Мгновением позже над приемным бункером пневмопочты зажглась зеленая сигнальная лампочка. В стенах этого учреждения Фиц-Моэм никому не подчинялся, в отличие от своего заместителя Уолтона, к которому кипы самых различных материалов прибывали по почте без всякого предварительного уведомления.
Уолтон вытащил из бункера запечатанную бандероль и внимательно осмотрел печати. Никаких признаков того, что с ними кто-то возился, он не обнаружил, значит, что бандероль поступила непосредственно из помещения, где стоял компьютер, и содержащуюся в ней информацию никак не мог прочесть дежурный техник. Вместе с бандеролью прибыл и лист с пятью фамилиями врачей, дежуривших в лаборатории вчера утром.
Вскрыв бандероль, Уолтон обнаружил семь покрытых убористым машинописным текстом листов. Здесь было буквально все, что касалось работы компьютера в указанный Уолтоном промежуток времени. Он быстро пробежал взглядом по листам, сразу же отбросил листы первый, второй и третий, поскольку отпечатанная на них информация касалась рутинной деятельности в более ранние часы вчерашнего дня и не представляла для Уолтона ни малейшего интереса.
Обращение семьдесят третье было запросом регистрационной карточки Филипа Приора. Он взял его на заметку.
Обращение семьдесят четвертое оказалось заявкой на ключ к шифру, которым кодировалась генетическая информация в клинике.
Обращение семьдесят пятое содержало корректировку результатов обследования Филипа Приора, исключавшую все данные о его восприимчивости к легочным заболеваниям и рекомендацию подвергнуть ребенка эвтаназии.
Обращение семьдесят шестое было подтверждением этой корректировки.
Обращение семьдесят седьмое было запросом регистрационной карточки мальчика – на этот раз уже откорректированной. Все пять обращений содержали точное время. Самое раннее из них производилось в 10.25, самое позднее – в 10.37. Все датированы 10 июня.

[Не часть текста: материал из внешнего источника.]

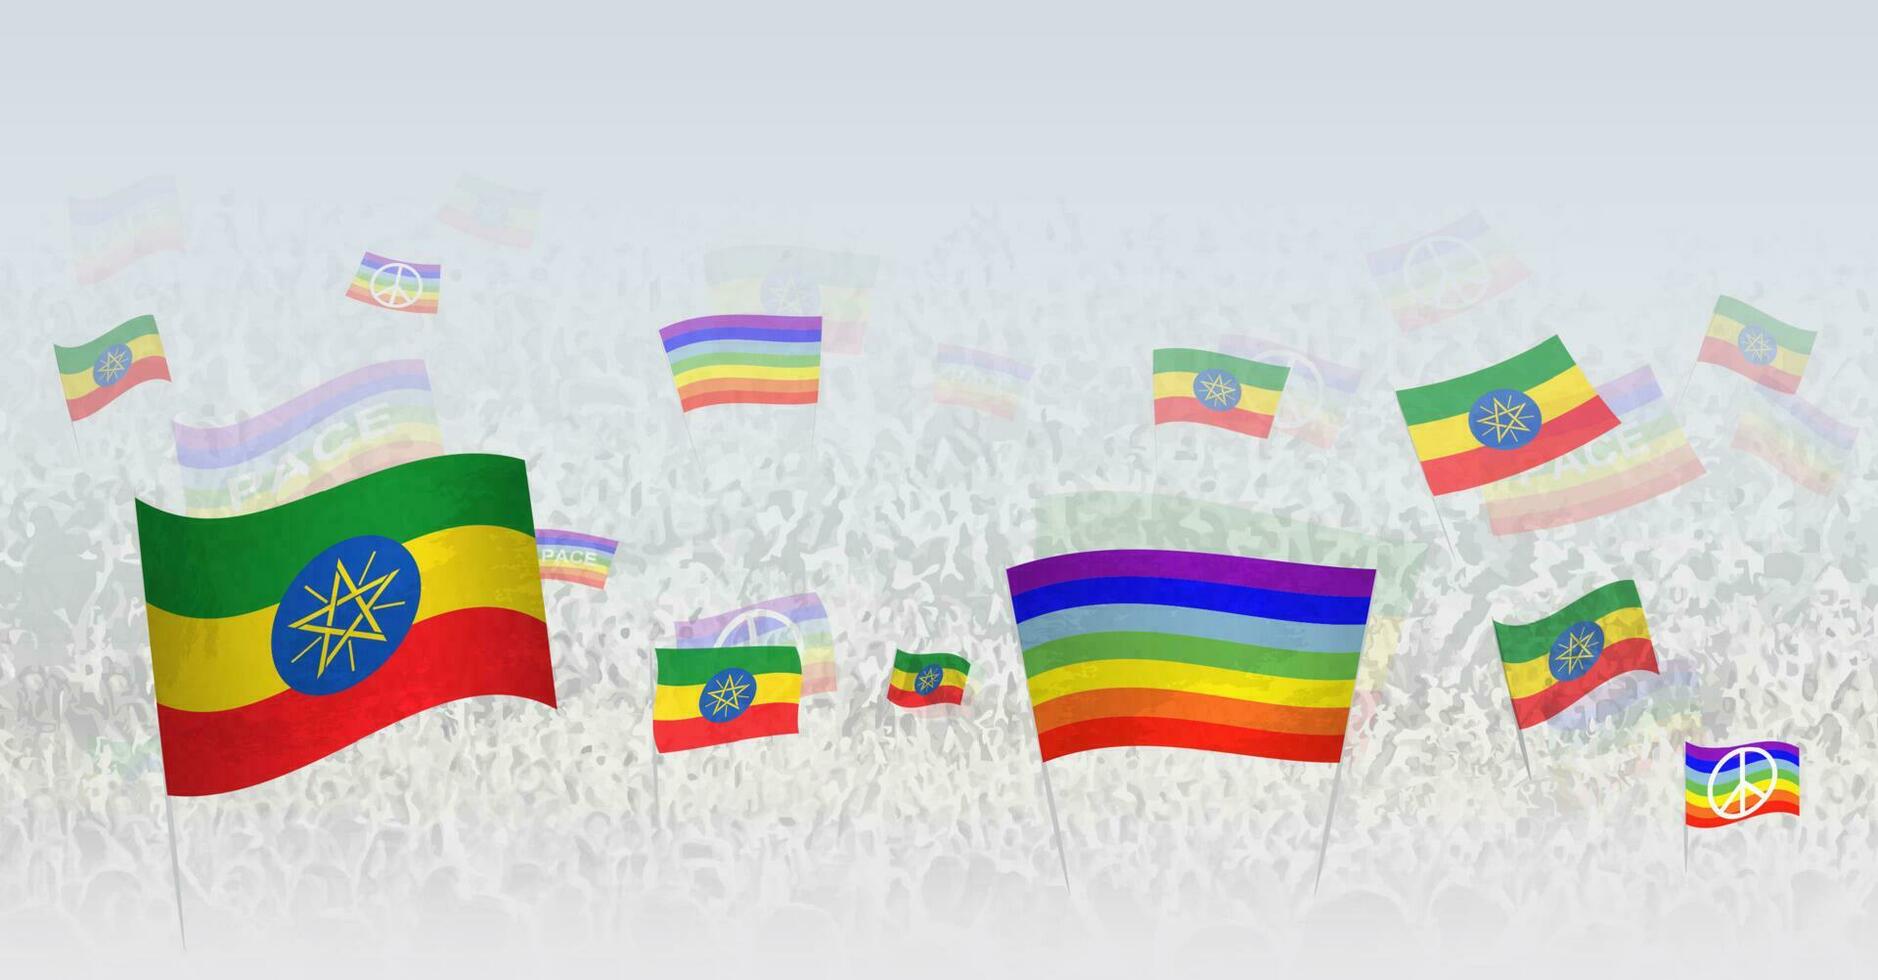 mensen golvend vrede vlaggen en vlaggen van Ethiopië. illustratie van menigte vieren of protesteren met vlag van Ethiopië en de vrede vlag. vector

Уолтон, немного подумав, обвел эти пять пунктов рамкой, затем быстро пробежал взглядом остальную часть листа. Больше ничего интересного на нем не было, обычная информация. А вот обращение девяносто второе, произведенное в 11.02, его немало заинтриговало. В нем отмечалось, что по запросу доктора Фредерика Уолтона было выдано полное описание всех утренних обращений к компьютеру.
Значит, Фред вовсе не блефовал. У него на самом деле в руках были все эти распроклятые доказательства нелепой промашки старшего брата. Но когда имеешь дело с компьютером и микротрубками памяти Доннерсона, прошлое становится исключительно изменчивой категорией.
– Мне нужен прямой канал связи с компьютером на двадцатом этаже, сказал Уолтон.
После некоторой, хотя и весьма непродолжительной задержки, на видеоэкране появился один из техников. Это был тот же самый специалист, с которым он уже разговаривал раньше.
– В архивные записи вкралась небольшая ошибка, – сказал Уолтон. – Ошибка, которая, как я считаю, не должна быть увековечена в наших архивных материалах. Произведите, пожалуйста, такое переключение цепей, чтобы я получил прямой доступ к компьютеру.
– Нет проблем, сэр. Можете пользоваться своим терминалом хоть сейчас, сэр.
– Это строжайшая государственная тайна. Сгиньте.
Техник тотчас же исчез из поля зрения объектива телекамеры связи.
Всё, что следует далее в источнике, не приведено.